Du Toit é jogado em meio à tragédia do apartheid menos velado quando o filho de onze anos de idade de seu jardineiro, Gordon (Winston Ntshona), é sequestrado pelas forças policiais do governo. Em sua trajetória para localizar o menino, Gordon acaba sendo assassinado - tendo sua morte ocultada pelos meios oficiais e declarada natural. Indignado, Ben se une à jornalista britânica Melanie (Susan Sarandon) para tentar jogar luz nas reais condições das prisões do país, onde tortura e assassinato são acontecimentos triviais. Um velho amigo de Gordon, Stanley (Zakes Mokae), é seu guia pelos meandros da sociedade dividida da África do Sul - e irá lhe servir também de apoio quando outras mortes começam a acontecer a seu redor e até sua família, amigos e colegas de trabalho resolvem lhe virar as costas. Em sua descida rumo ao desconhecido, ele conta com seu apego à verdade e à certeza de estar lutando do lado certo da batalha. Seu maior empecilho nisso é o Capitão Stoltz (Jurgen Prochnow), que não mede esforços ou estratégias para apagar os vestígios de seus crimes de ódio.
Assim como "Um grito de liberdade" tratava dos desdobramentos da morte do ativista Steve Biko, "Assassinato sob custódia" se utiliza de um crime bárbaro para mergulhar o espectador em um mundo onde as leis e a igualdade racial só existem na teoria.
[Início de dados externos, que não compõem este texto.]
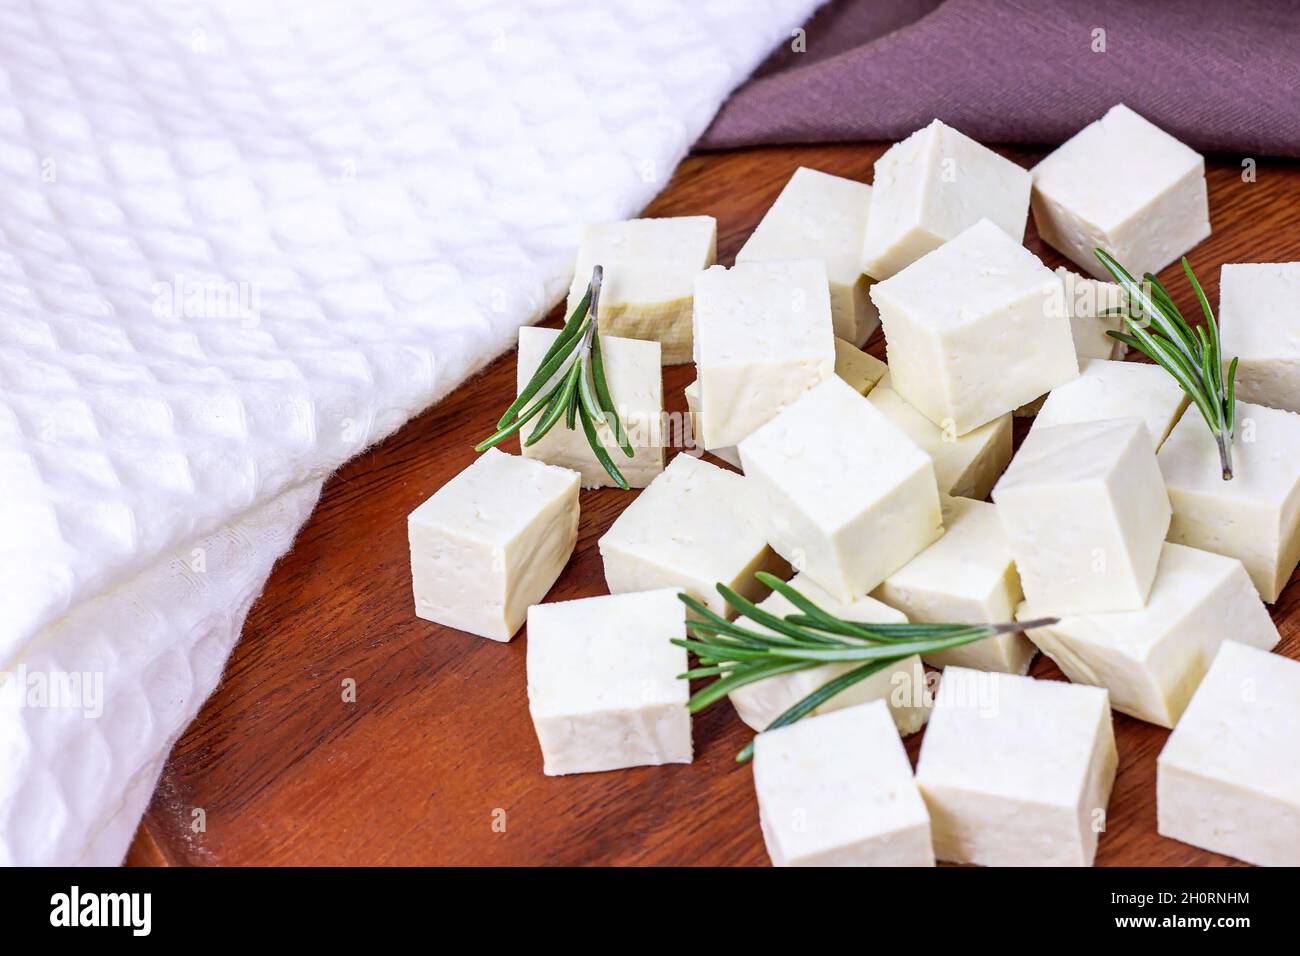 Cubetti di tofu vegetariani biologici crudi con rosmarino fresco su sfondo di legno. Foto Stock

Durante a primeira metade do filme, a diretora conta sua história com placidez, ainda que revoltosa, como se preparando o público para sua metade final. A partir daí, quando Du Toit e Stanley percebem que a única maneira de desvendar toda a lista de atrocidades que os cerca é jogando com armas menos leais e claras, o filme acelera o ritmo, engrena uma sucessão de sequências impactantes e passa a revelar o caráter real de alguns de seus personagens, conduzindo a um final realista e triste. Pontuado pela bela trilha sonora de Dave Grusin e valorizado por um elenco coadjuvante formado por atores sul-africanos que dão um tom de veracidade ainda maior à trama, o filme de Euzhan Palcy - que posteriormente dedicou-se mais à carreira de documentarista - é um petardo emocional verdadeiro e pungente. Apesar de parecer, em alguns momentos, um telefilme, é um prato cheio para aqueles que gostam de unir o útil ao agradável e procuram entretenimento com substância. Um filme subestimado e muito importante, lançado, ironicamente, na mesma temporada em que "Conduzindo Miss Daisy" - criticado por seu retrato romantizado do racismo - ganhou o Oscar de melhor filme. A Academia, como sempre, perdendo o trem da história!